# [SUPPLIED MATERIAL]

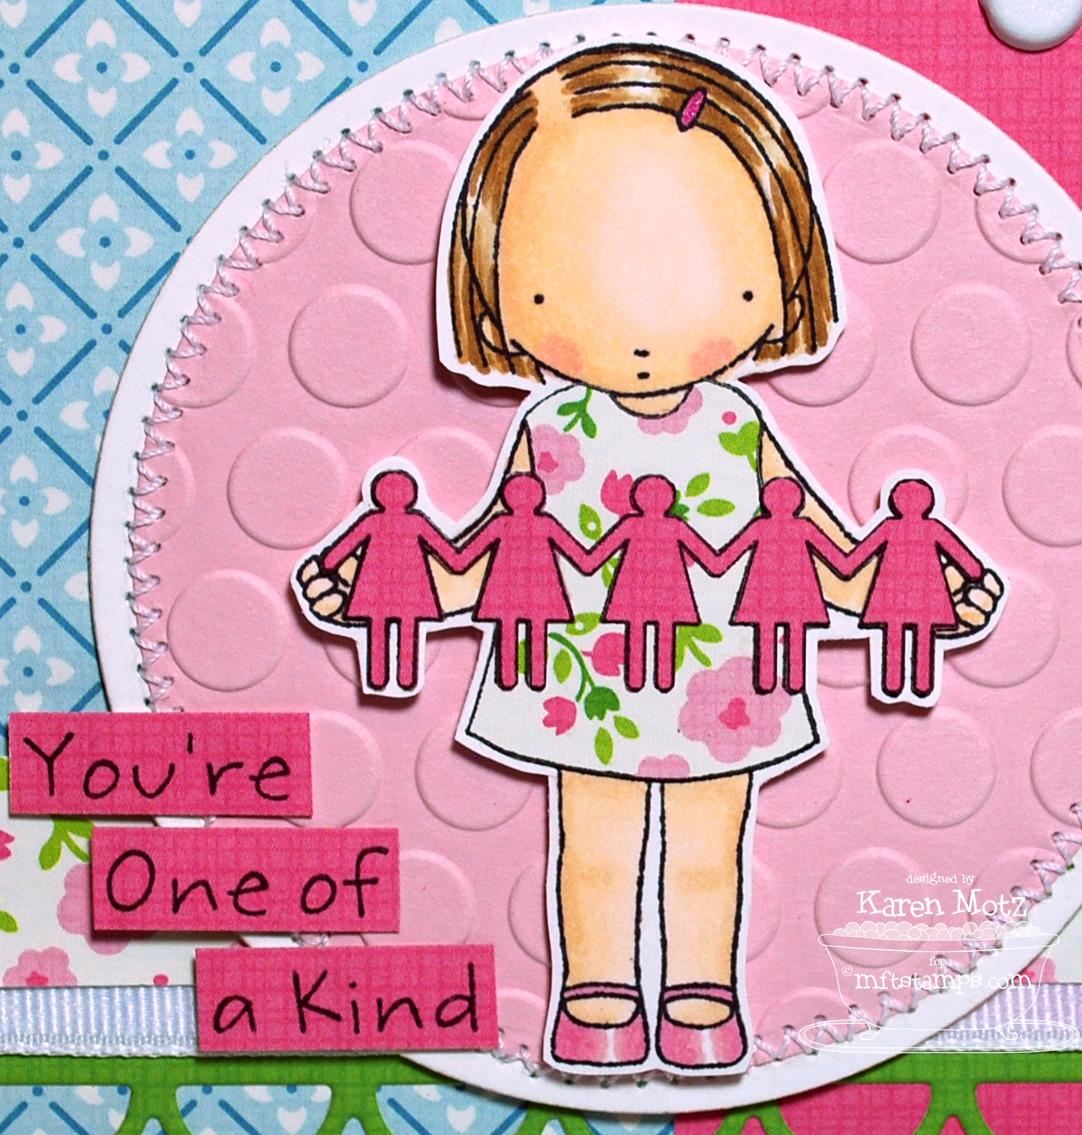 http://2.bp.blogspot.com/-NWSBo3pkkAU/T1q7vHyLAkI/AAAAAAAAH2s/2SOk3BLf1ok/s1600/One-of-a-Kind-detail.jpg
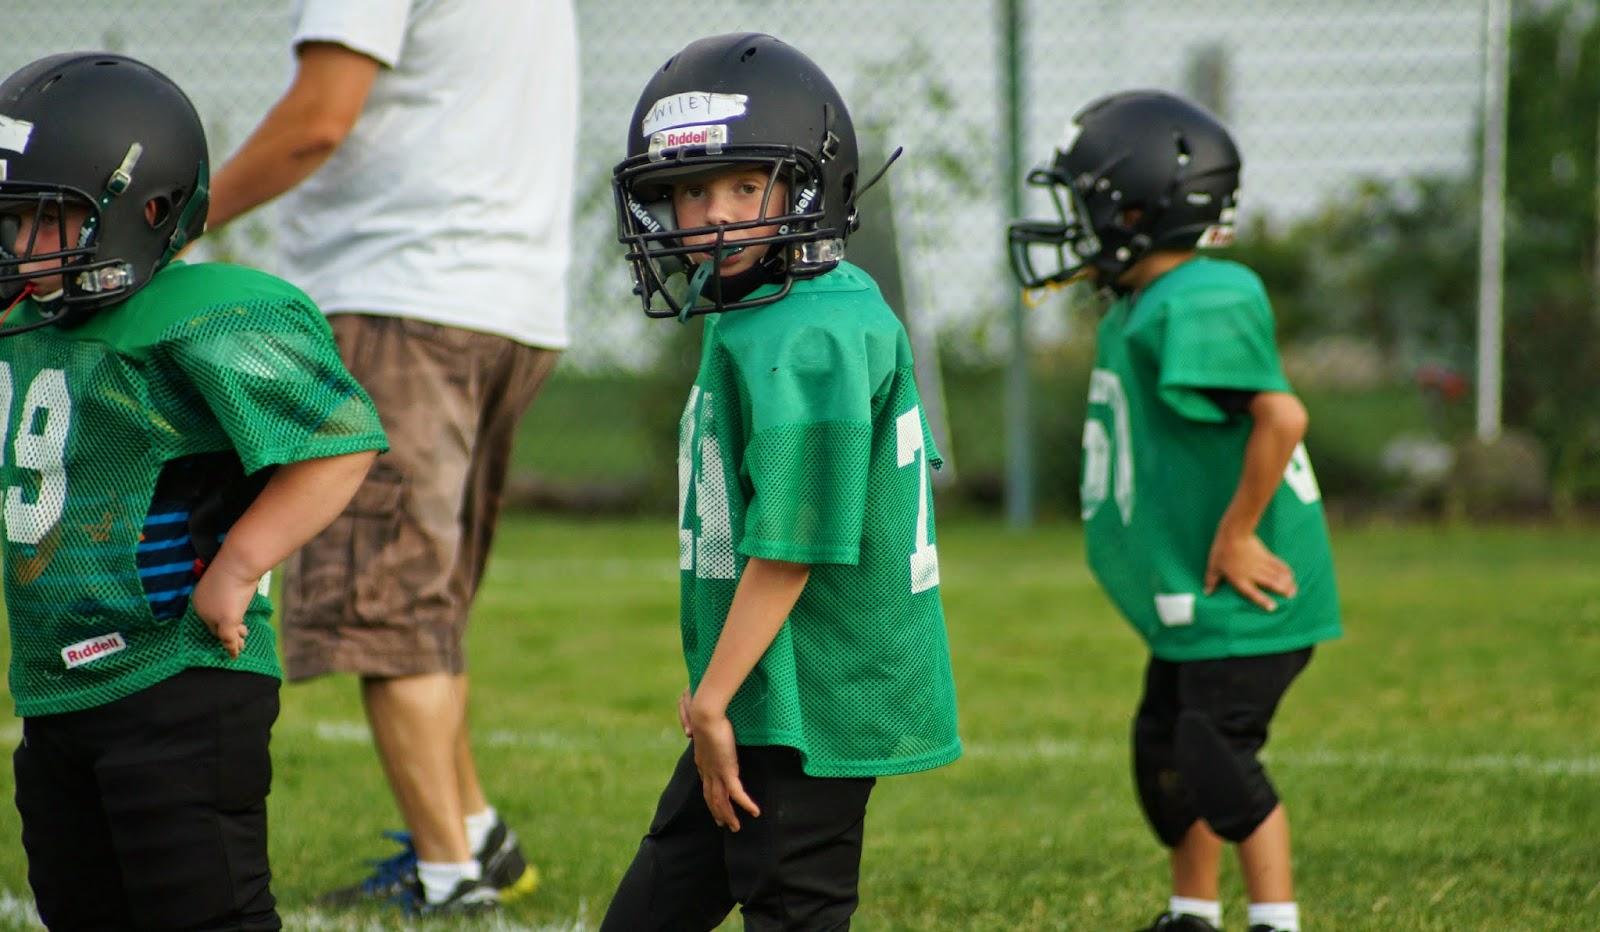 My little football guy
---
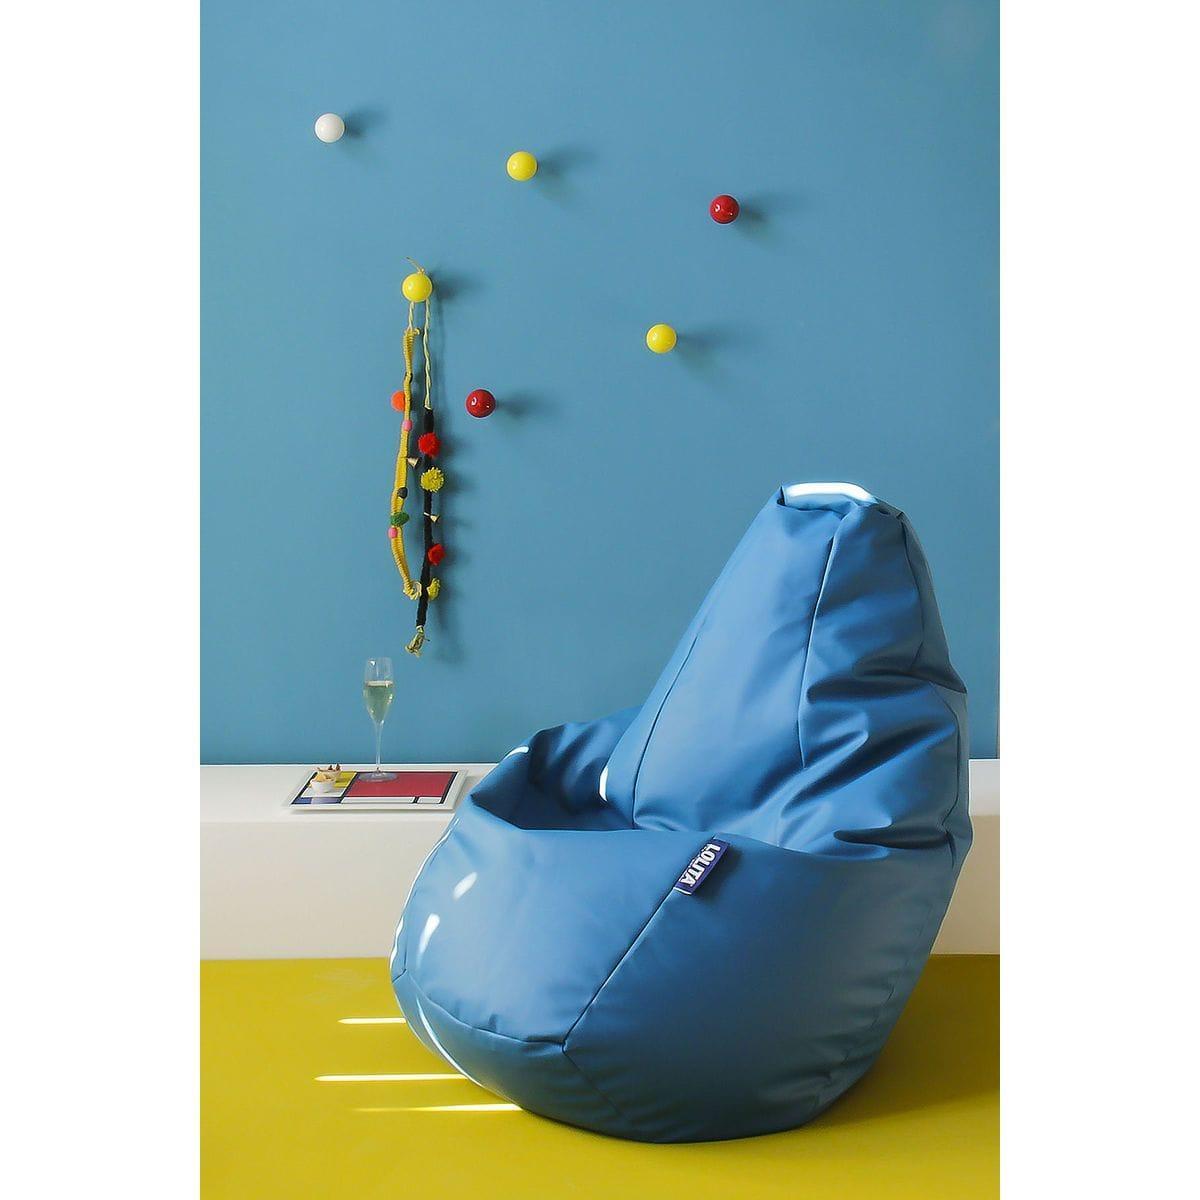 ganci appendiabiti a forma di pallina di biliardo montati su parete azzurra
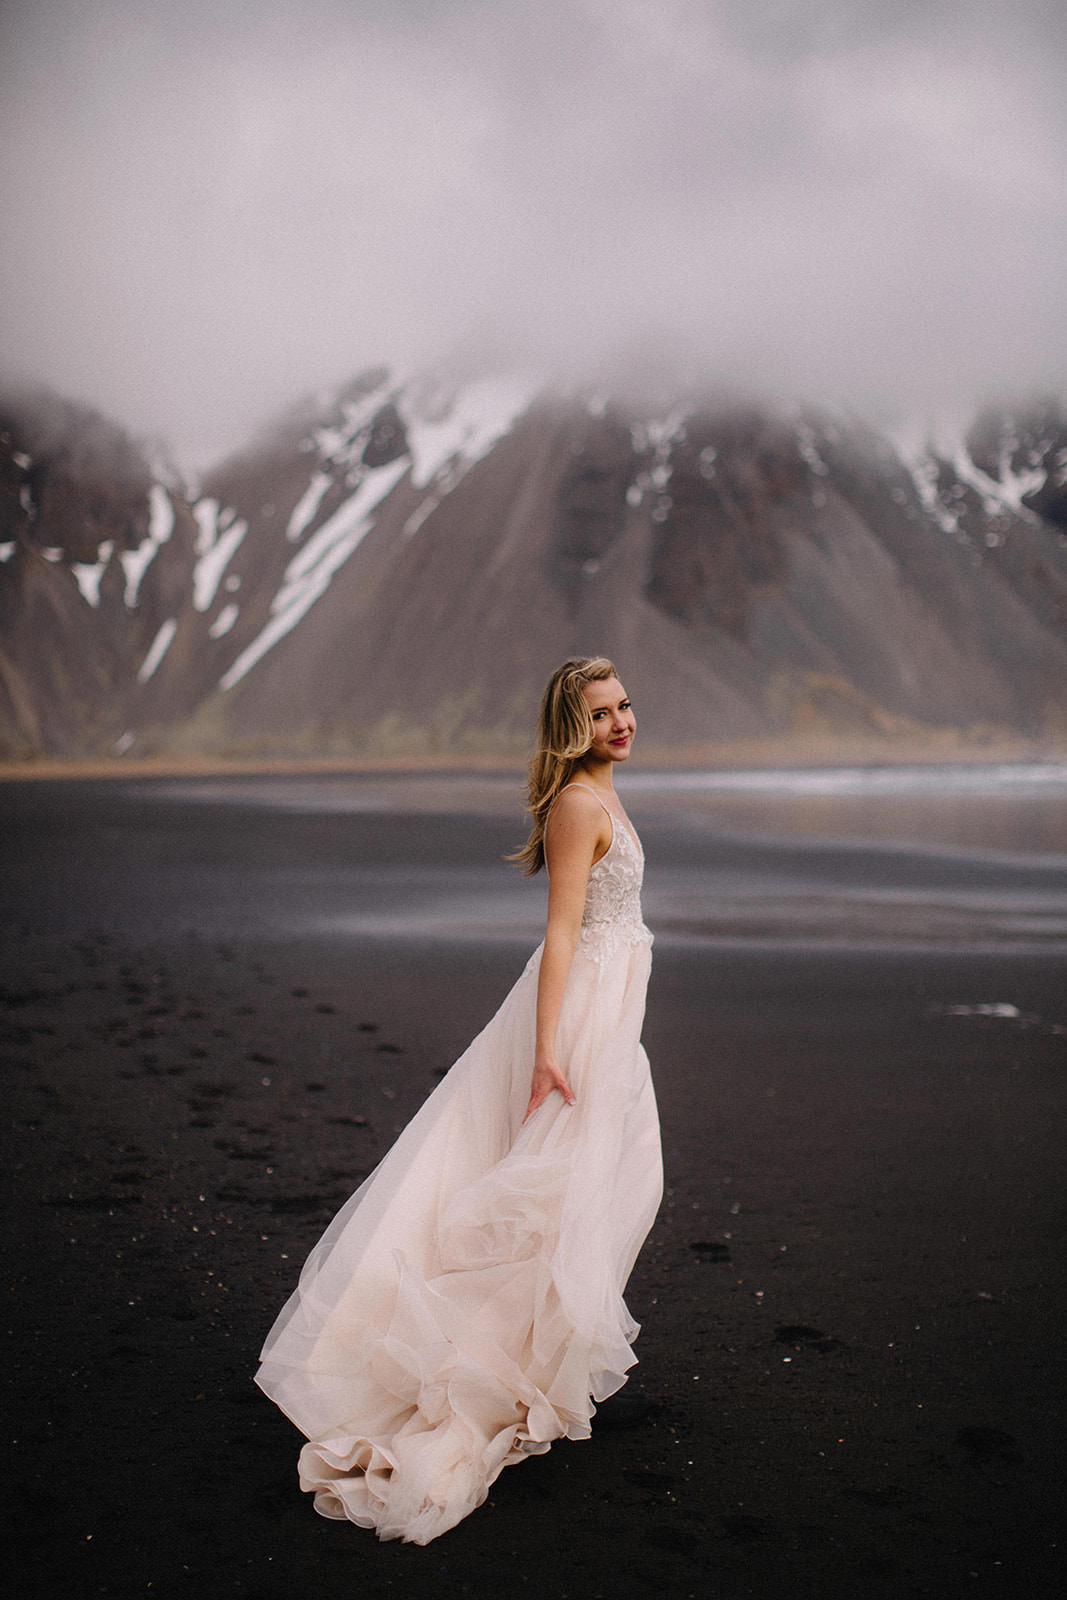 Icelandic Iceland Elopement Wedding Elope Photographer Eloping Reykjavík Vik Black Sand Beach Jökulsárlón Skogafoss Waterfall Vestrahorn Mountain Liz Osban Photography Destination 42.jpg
...
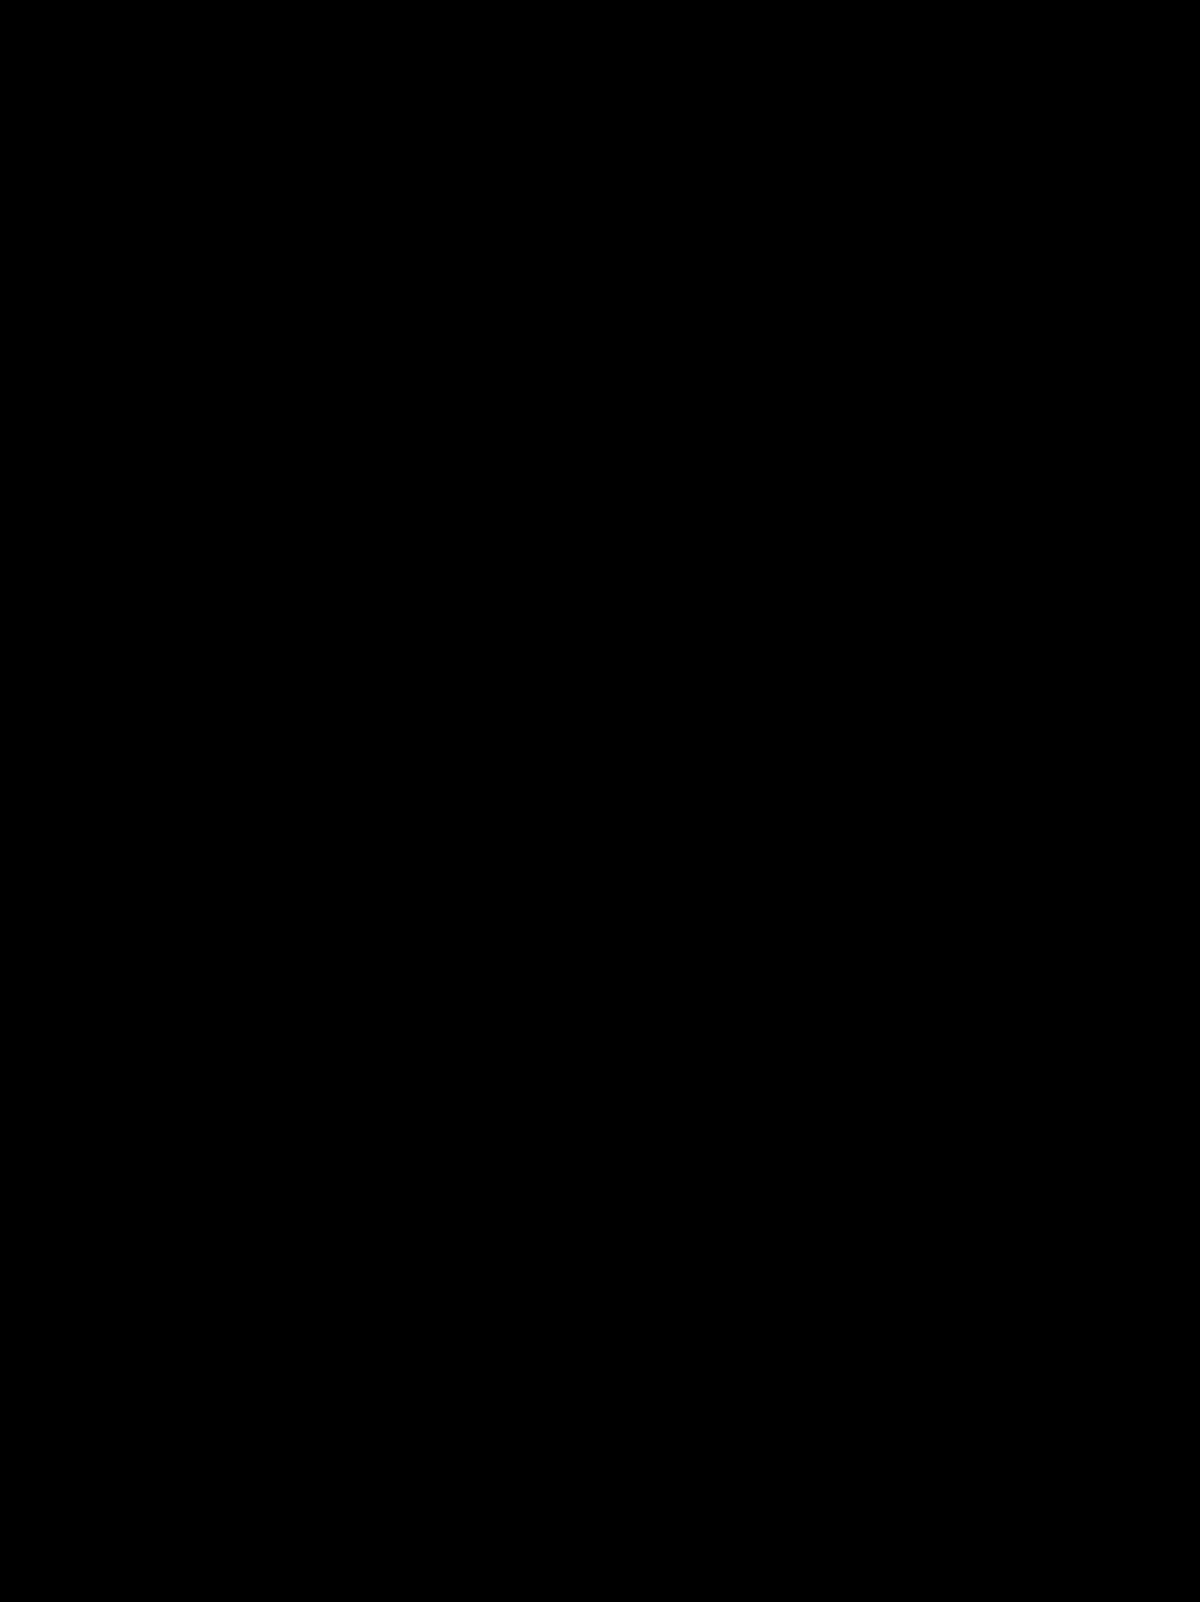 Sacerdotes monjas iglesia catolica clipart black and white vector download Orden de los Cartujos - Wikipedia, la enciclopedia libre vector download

# [EXERCISE DESCRIPTION]
Look above for the line with "ganci appendiabiti a", then print it and each line after it down to and including the line with "Icelandic Iceland Elopement". Leave out the pictures and keep the wording exact.

# [SOLUTION BELOW]
 ganci appendiabiti a forma di pallina di biliardo montati su parete azzurra
 Icelandic Iceland Elopement Wedding Elope Photographer Eloping Reykjavík Vik Black Sand Beach Jökulsárlón Skogafoss Waterfall Vestrahorn Mountain Liz Osban Photography Destination 42.jpg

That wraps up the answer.